On the 2nd Monday in September, 1988I gave birth to my 3rd son. A vegan. My 3rd son was not born vegan; that came much later.
And nothing was vegan about the breakfast. Eggs, pancakes, bread, orange juice, an apple or banana. And plenty of it.
Most
of our guests were men, but we had some children, and some women. An
old lady with a tiny, tiny baby; the next time I saw her she told me the
baby was dead. She had been born premature, her mother was on drugs,
the old lady was her grand mother. when I now think that even her carer
had to come to us for breakfast, I know that the baby girl never had a
chance.
I had never seen a
child with teeth rotted from drinking sweet carbonated drinks, what we
call sodas in Philadelphia. He was 11 years old, and he volunteered with
some other children to set up the breakfast. He was part of a large
family, and they came every week, and stayed for church and Sunday
school.
For a few weeks, not long, I tried to teach Sunday
School, but we all gave up. The children could not read, had no interest
in hearing stories from the Promised Land, and saw me as a strange
creature from another planet. I remember asking 5 children who they
were, what their fathers did. "He daid". "He in jail".
Jail was a
big industry in Camden. After the flight out of Camden, the 3 big
employers fled or scaled down: Campbell's Soups, RCA and ship-builders.
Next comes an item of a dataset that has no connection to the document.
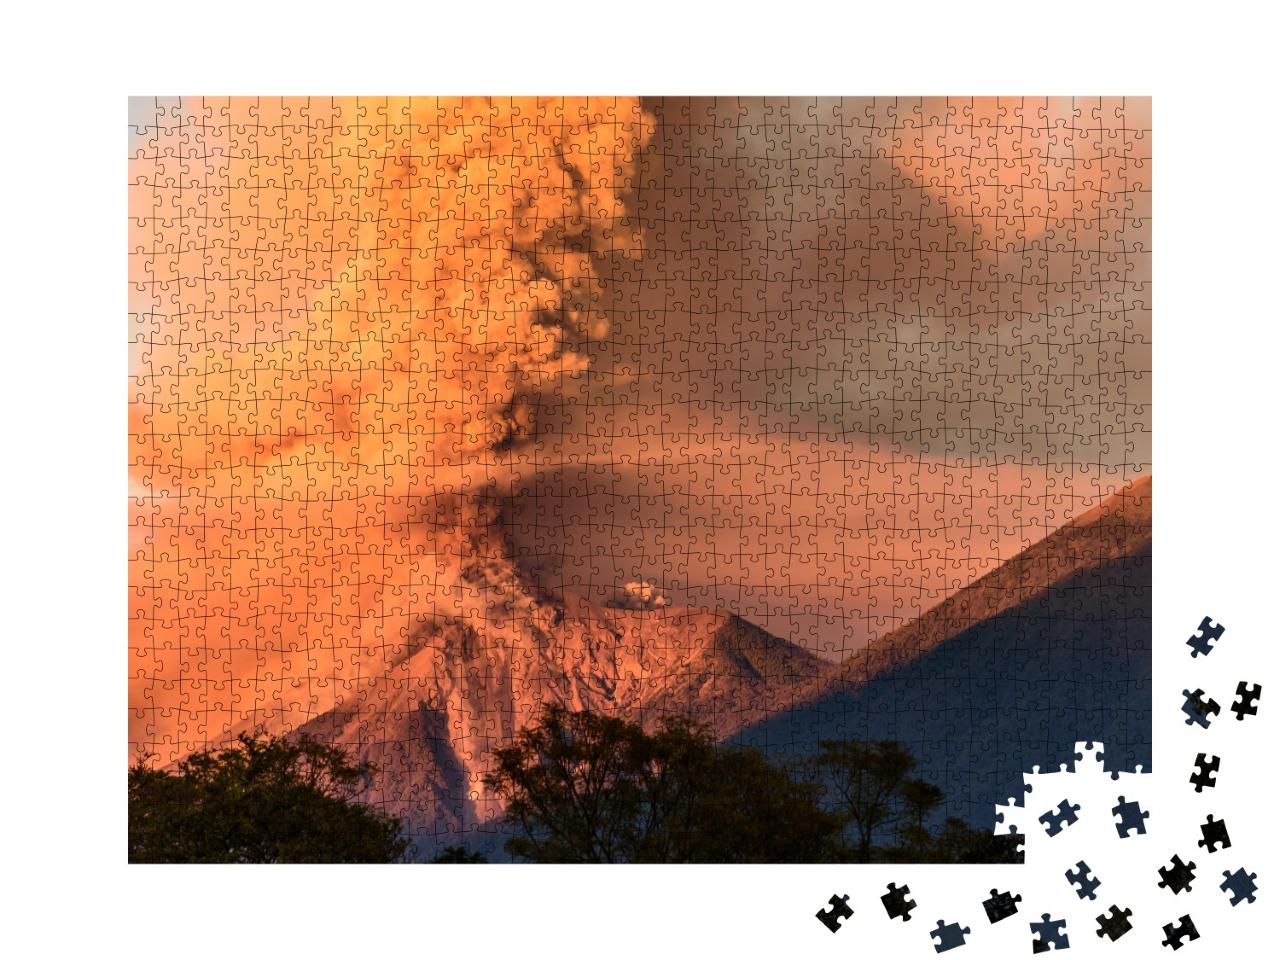 Puzzle de 1000 pièces « Éruption du volcan Fuego à l'aube, Guatemala »

So in the late 1980s and early 1990s, a big jail was built on the banks
of the Delaware River that separates Camden from Philadelphia.
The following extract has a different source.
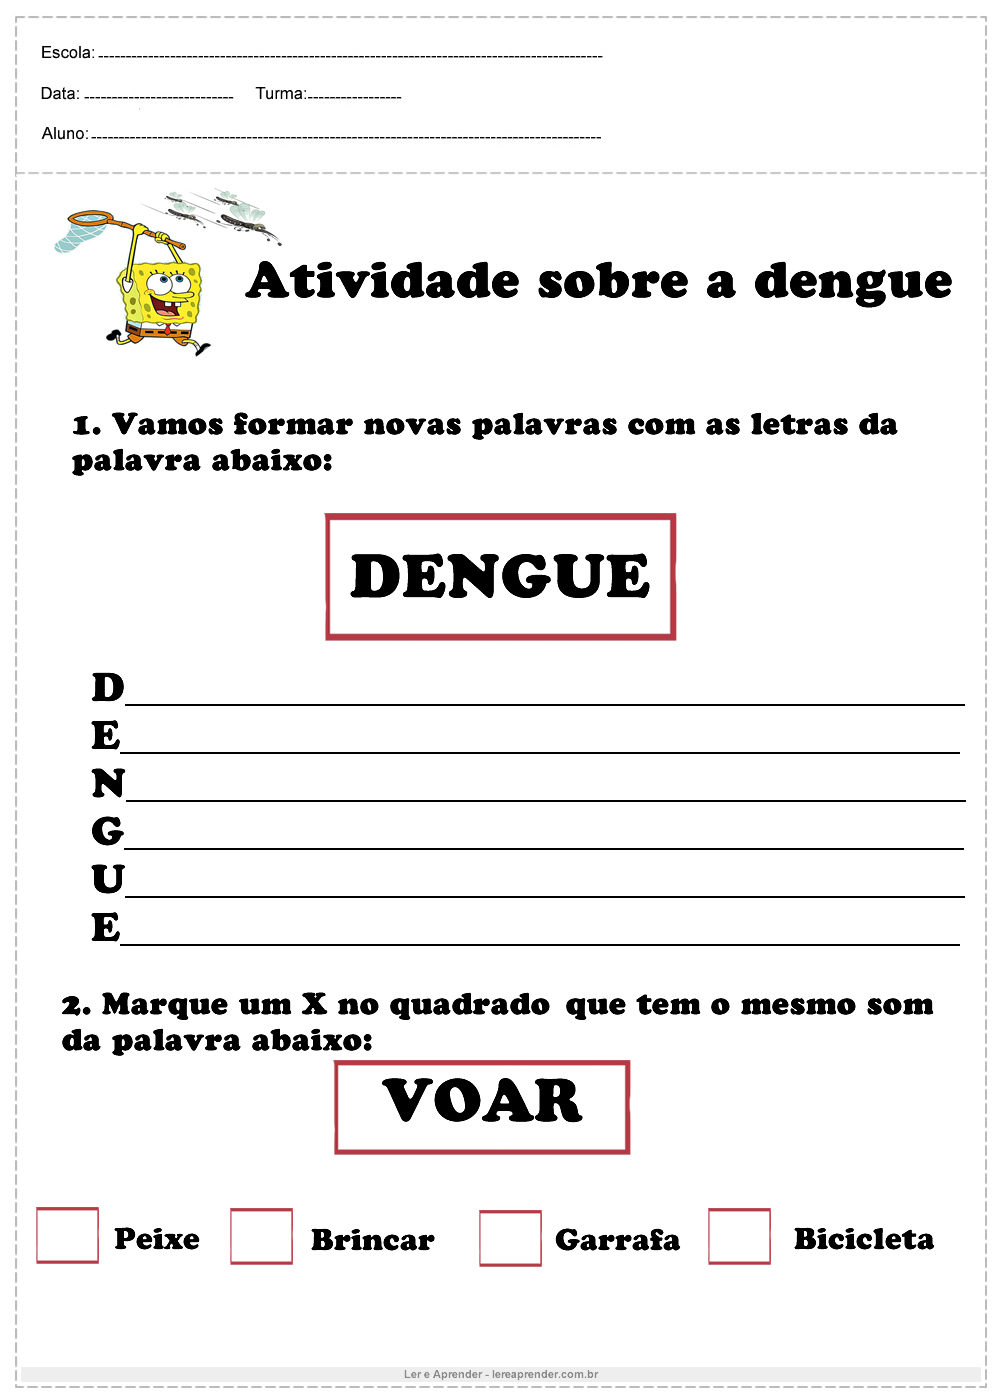 Atividade sobre a dengue vamos formar palavras

25 years later, Dr Lambert Jackson has been dead 12 years from cardiovasculasr disease, the Rev Mr
Martin Gutwein is still holding up a wall against poverty and
desperation in Camden, all the children have grown up and are making
their own way in the world. Or are dead.
Camden is the gun murder capital of the world. It is a small city; no-one lives there if they can live anywhere else.
During the 30 years I have lived 5 miles down the road, Haddonfield has only had a single gun
homicide: when a daughter of Sicily, brought to this country to be a
wife, was kicked out of her family house so that the husband could
install his new wife. The evicted wife shot him dead. An African man, in some African communities, would have explained that she would always have the status of his first wife, and they all need to live happily together.
Crimes
of passion, upset over not being paid enough for a small job or
supplies, anger at anyone whose idea of parenting is to let young men
and women fail school and have no hope, and suicide while taking out
another so they don't die alone. Guns and despair are too available in
Camden, and too deadly.
And guns are, and have been, too available and too deadly all across the United States.
On
Apr 4, 1968, bullets from guns killed Martin Luther King jr. A death
too often seen in sons and daughters of Africa. On the same day 45 years
later, cancer killed Roger Ebert, a death too often seen in sons and
daughters of Europe: cancer killed my own British father in 1988.
Martin
Luther King jr and Roger Ebert had a lot in common: they were both
American citizens, well-educated, both passionate about what they did,
both wanted to appeal to the hearts and minds of all through mass media,
both married to daughters of Africa, and they died on the same day.
Roger Ebert was able to die at 70, of disease; guns made sure that the Rev Martin Luther King jr did not live to be 40.